▶ [TASK REQUIREMENTS]: Print out the records precisely, keeping each line identical to its source.

▶ [AVAILABLE RECORDS]:
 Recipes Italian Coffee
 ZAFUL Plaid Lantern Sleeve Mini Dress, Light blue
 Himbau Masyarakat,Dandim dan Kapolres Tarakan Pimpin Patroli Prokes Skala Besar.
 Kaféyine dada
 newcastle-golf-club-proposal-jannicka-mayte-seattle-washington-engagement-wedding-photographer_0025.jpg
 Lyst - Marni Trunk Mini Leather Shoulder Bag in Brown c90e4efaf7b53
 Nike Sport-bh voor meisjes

▶ [ANSWER SPACE]:
 Recipes Italian Coffee
 ZAFUL Plaid Lantern Sleeve Mini Dress, Light blue
 Himbau Masyarakat,Dandim dan Kapolres Tarakan Pimpin Patroli Prokes Skala Besar.
 Kaféyine dada
 newcastle-golf-club-proposal-jannicka-mayte-seattle-washington-engagement-wedding-photographer_0025.jpg
 Lyst - Marni Trunk Mini Leather Shoulder Bag in Brown c90e4efaf7b53
 Nike Sport-bh voor meisjes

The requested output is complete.